Ayrıca simbiyontlar olarak gerçekten önemlidirler. Diğer organizmalarla birlikte yaşarlar ve başka şeyler karşılığında o organizmaya fayda sağlarlar. Örneğin bazı mantarlar bitkilerin köklerine yapışarak onlarla besin alışverişinde bulunurlar.”

Süreç
2008 ve 2009 yılları arasındaki toplama döneminde, araştırma ekibi şafakta yola çıkacak ve öğleden sonraları nem ve sıcakta aramaya devam edecekti. Ada genelinde mantar avladılar – bir gün resifte kıyı açıklarında küçük bir adayı keşfederken ve ertesi gün yaklaşık 3.000 fit yüksekliğindeki dağlara tırmandılar.

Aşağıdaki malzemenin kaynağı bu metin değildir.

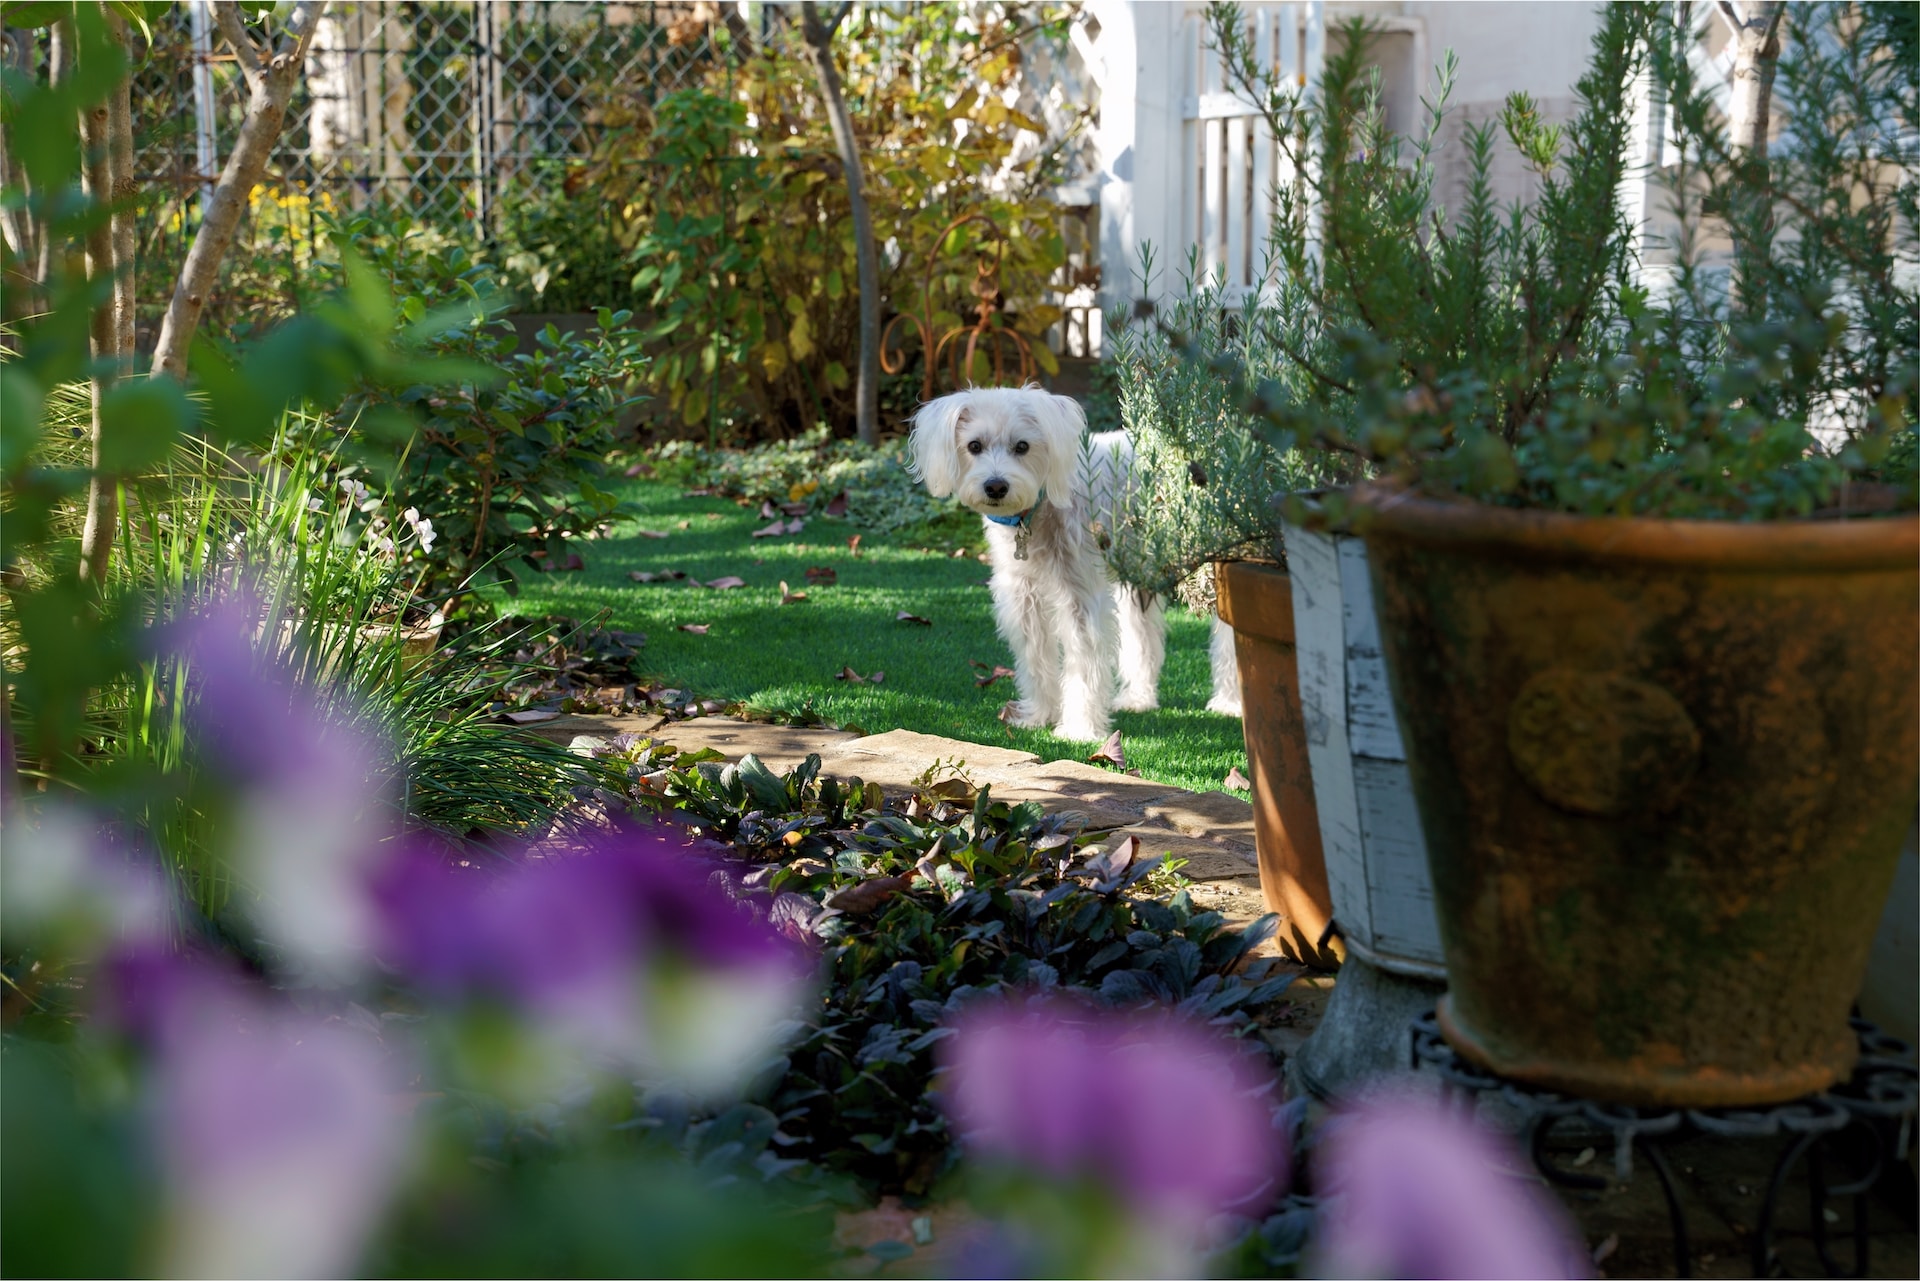 Un perro blanco pequeño explorando un jardín lleno de flores.

Palmiyelerin altında yürüdüler ve mangrov ormanlarında yürüyüş yaptılar ve mantarların yerel kullanımı ve özel tarlalarda ve mülklerde yetiştirilen bazı türler hakkında bilgi edinmek için yerli Polinezyalılarla işbirliği yaptılar.

Garbelotto, “Küçük bir alandaki habitat çeşitliliği nefes kesici” dedi. “Bir süre sonra sadece mantarlara bakarak nerede olduğumuzu anlayabiliyorduk – her habitatın kendine özgü mantar kohortu vardı.”
Ekip, topladıktan sonra, UC Berkeley’in herbaryumunda saklamak için örnekleri fotoğraflayacak ve kurutacaktı. Laboratuvara geri döndüklerinde, çeşitliliği ölçmek için DNA dizilerini analiz edecekler, endemiklik düzeyine veya yerel örneklere ve mantar dağılımının adada nasıl yayıldığına bakacaklardı. Mo’orea’daki mantarların dizilerini dünyadaki diğer türlerle karşılaştırmak, ekibin türlerin orijinal olarak nereden geldiğini belirlemesine yardımcı oldu.